Second, and most importantly. The laboratory analogue from Gatchina requires a high-voltage electric discharge in the presence of water. This means that producing "man-made ball lightning" requires industrial setups, not household outlets. No practical application in energy or defense is foreseeable in the near future—unless someone figures out how to use a hydrogen aerosol with prolonged glow for something useful.

Third: Academician Parmon directly stated that "ball lightning appears at relatively low temperatures." This clarification is important. That is, the phenomenon does not occur in hot, humid climates—specific temperature conditions are needed. This imposes constraints on the geography of research and on possible natural disasters associated with ball lightning.

Fourth, and this is especially important. Ball lightning is a water aerosol with hydrogen. Hydrogen ignites easily. When ball lightning explodes, it releases energy equivalent to a small amount of TNT (up to several hundred grams). But press releases omit this to avoid panic. In practice, knowing the composition allows the development of neutralization methods—for example, spraying hydrogen recombination catalysts (ironically, this is exactly what the Boreskov Institute of Catalysis SB RAS does). That is, the institute that made the discovery has the technological base to also create an antidote.

Forecast: Next 30 Days and 90 Days

30 days:

Expect a publication in a peer-reviewed scientific journal (most likely in the Russian Journal of Experimental and Theoretical Physics or the international Physical Review E). It will present experimental data—glow spectra, density measurements, gas analysis results. If the journal is high-impact, the discovery will gain international resonance.

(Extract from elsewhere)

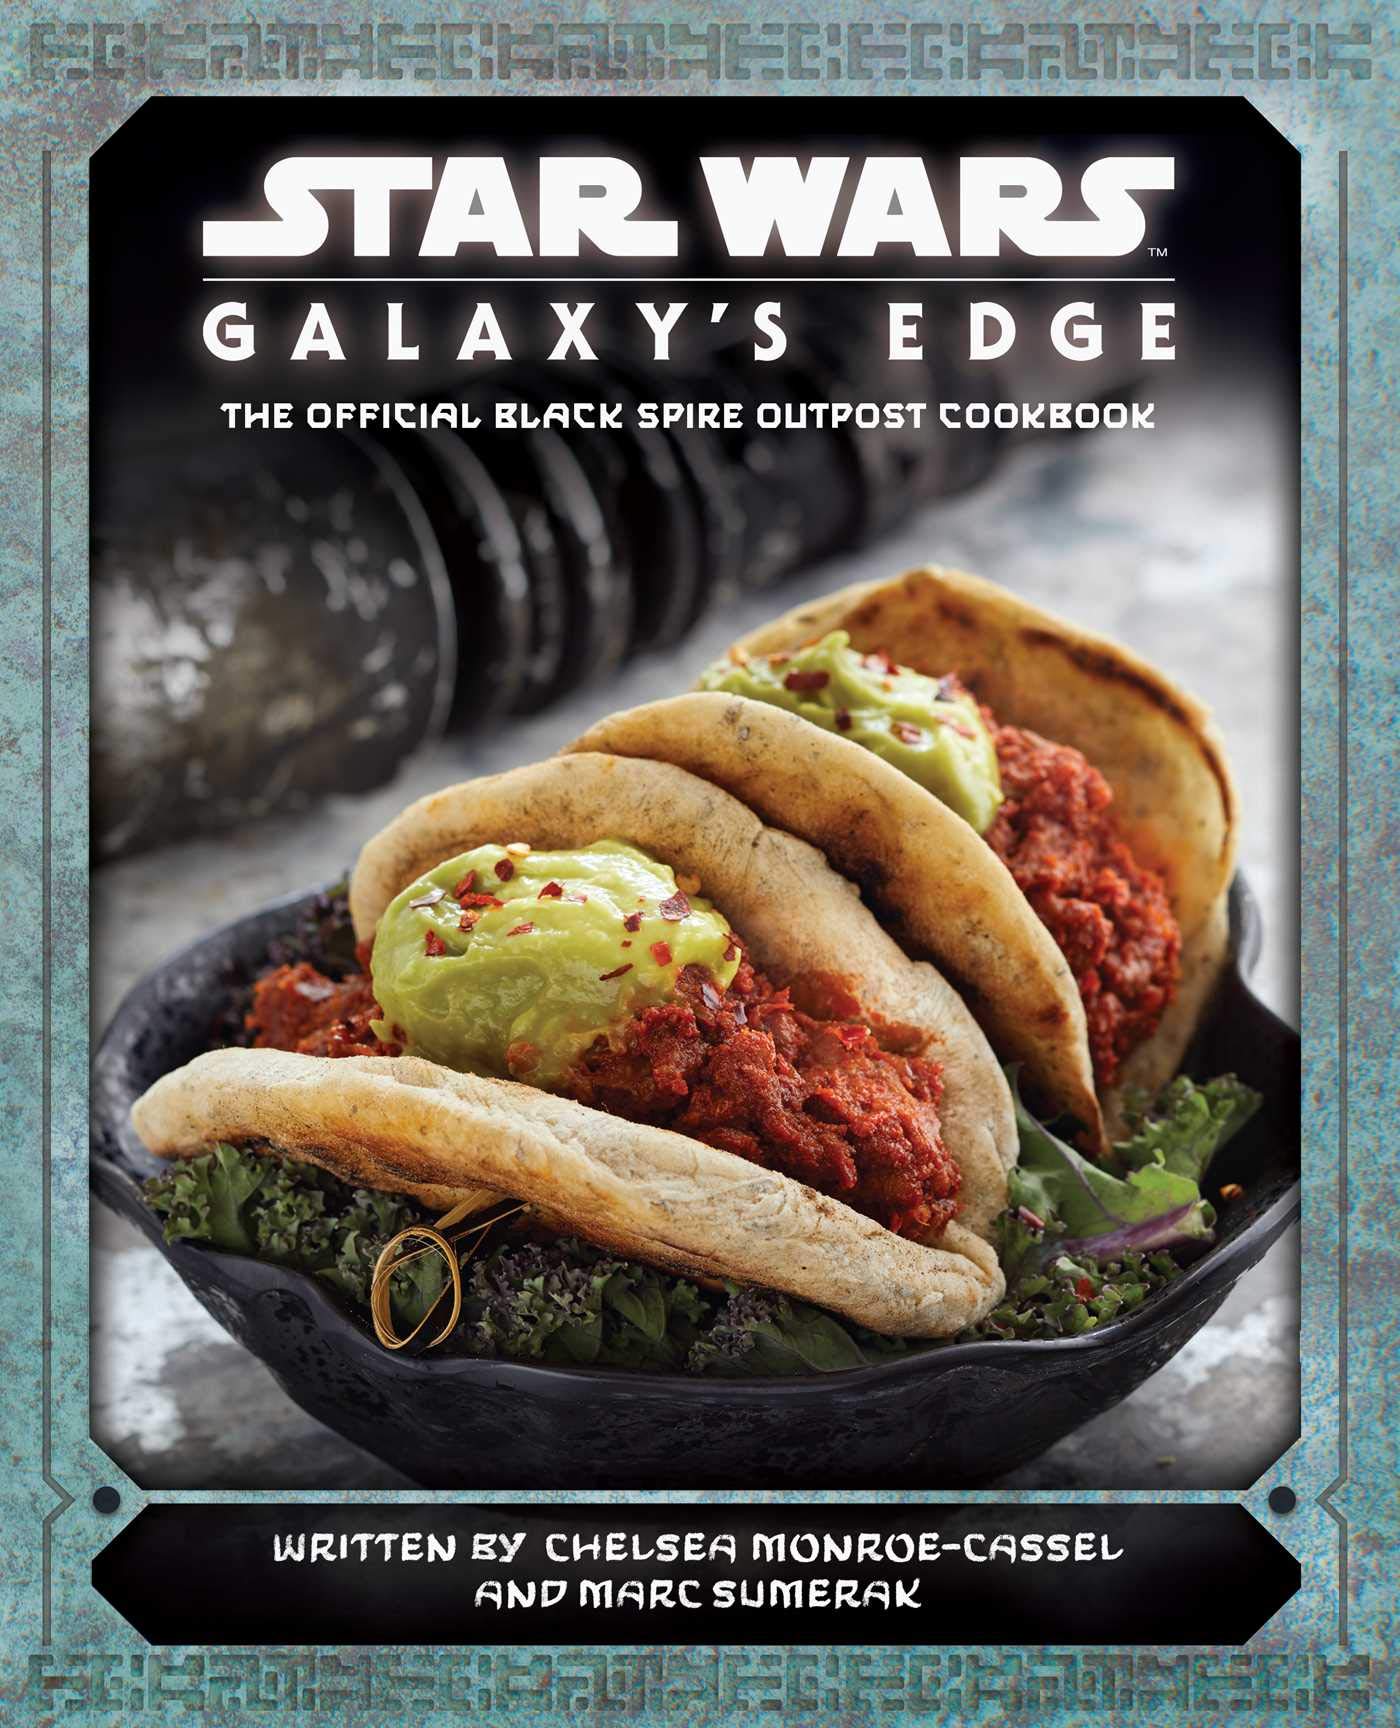 Image of the book cover for Star Wars Galaxy's Edge Cookbook.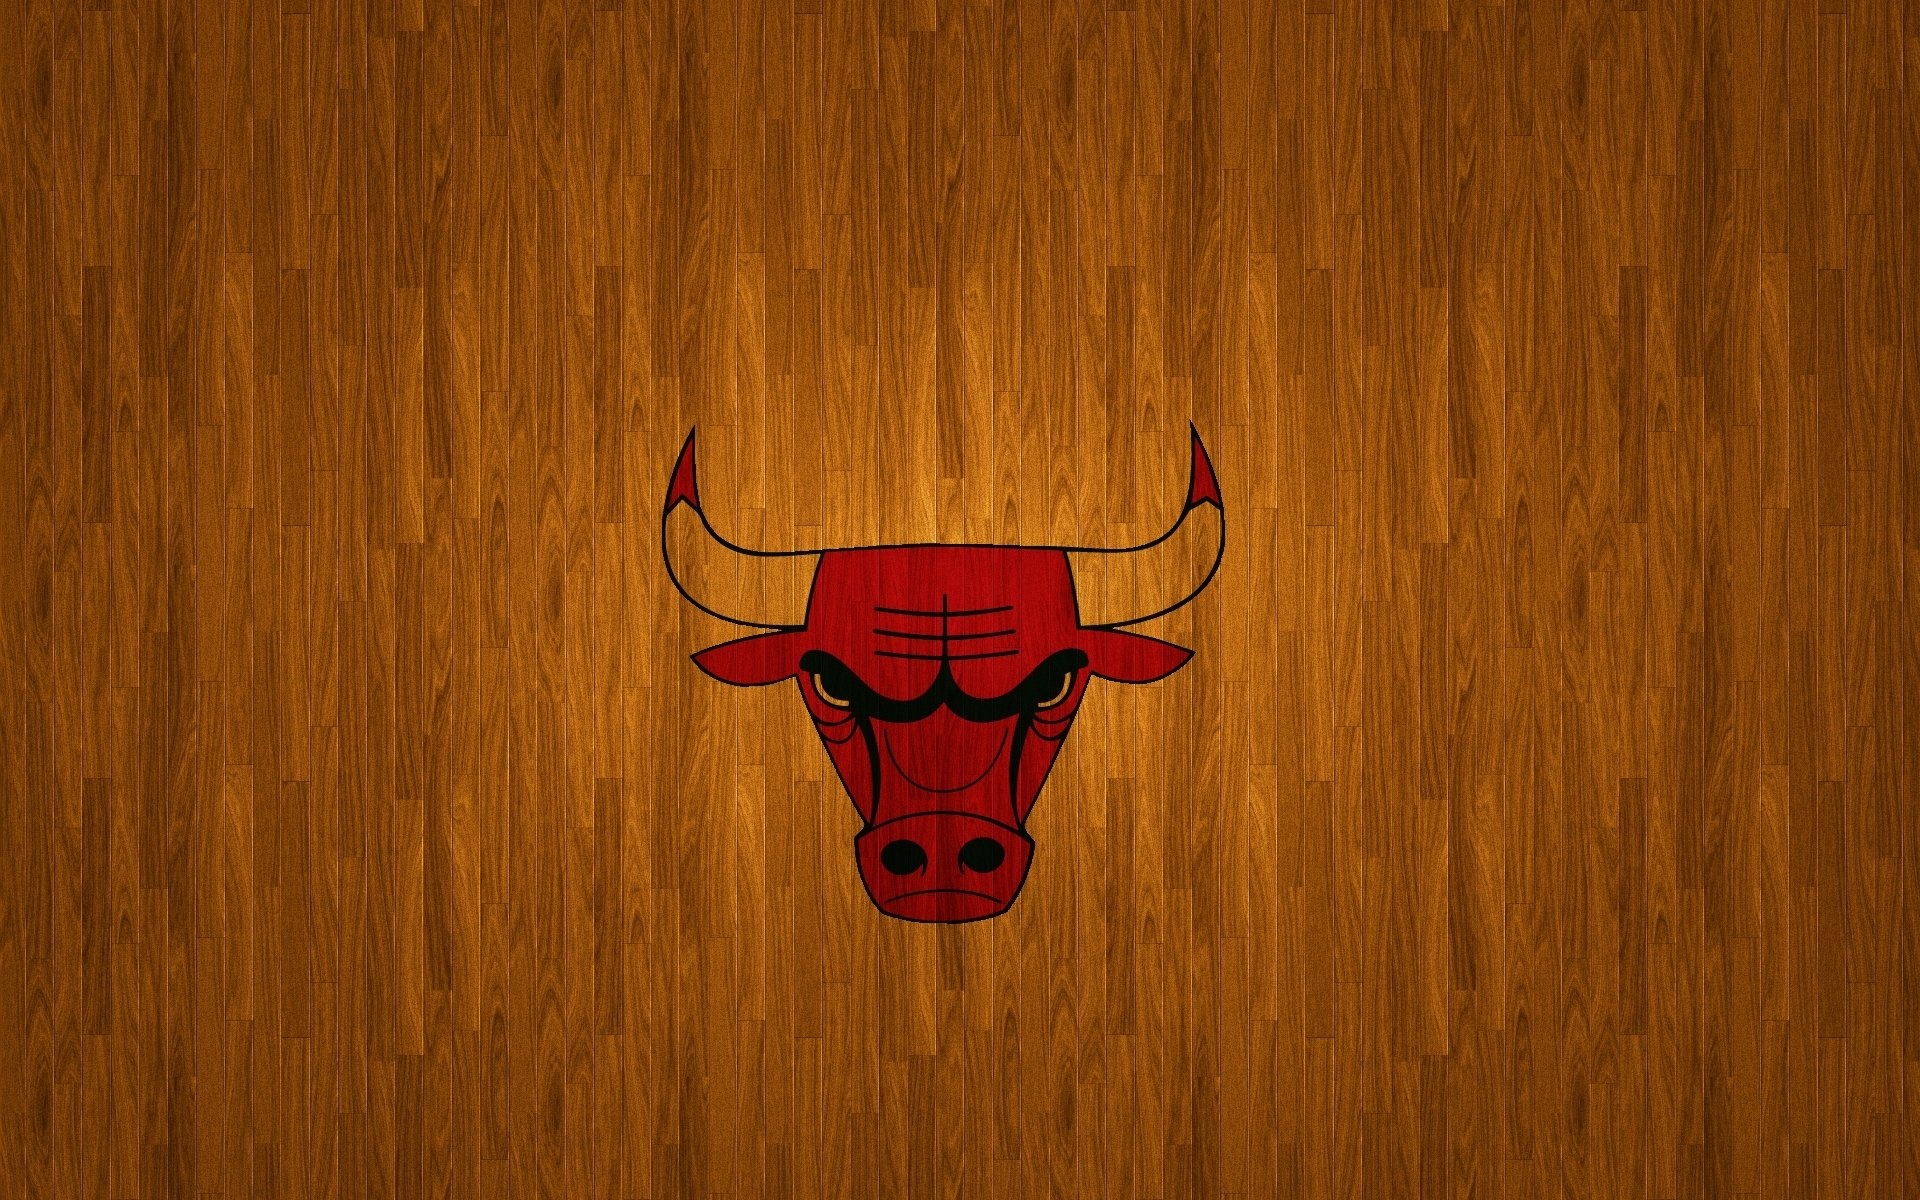 Chicago Bulls: The team lost the conference finals in 1975 to the Golden State Warriors. 1920x1200 HD Wallpaper.

Also likely are inquiries from the Ministry of Emergency Situations and the Ministry of Defense. If the aerosol nature is confirmed, the question arises: can ball lightning be generated artificially (for military purposes—as a blinding or distracting device) or, conversely, suppressed (to protect critical infrastructure). Scientists at the Kurchatov Institute will likely receive additional funding for these studies.

90 days:

By August 2026, Japanese, Chinese, and American laboratories will attempt to replicate the Gatchina experiment. If they succeed, the aerosol theory will become universally accepted. If not, doubts will arise about whether the laboratory object is truly identical to the natural one.

For investors: there are no direct assets here. But there is an indirect signal. If the Boreskov Institute of Catalysis SB RAS or the Kurchatov Institute announce the creation of a technology to neutralize ball lightning (e.g., by spraying a catalyst into the air), it could be in demand by insurance companies and critical infrastructure operators (power lines, airports, oil storage facilities). The market for such protection is potentially hundreds of millions of dollars.

For now, we have witnessed one of physics' most mysterious puzzles receive a simple and elegant explanation. Ball lightning turned out to be not plasma, but an ordinary (well, almost ordinary) hydrogen-laced fog. This is an achievement of Russian science that will enter the physics textbooks of the next generation. But the path to practical application is no shorter than from the discovery of the electron to the creation of the computer.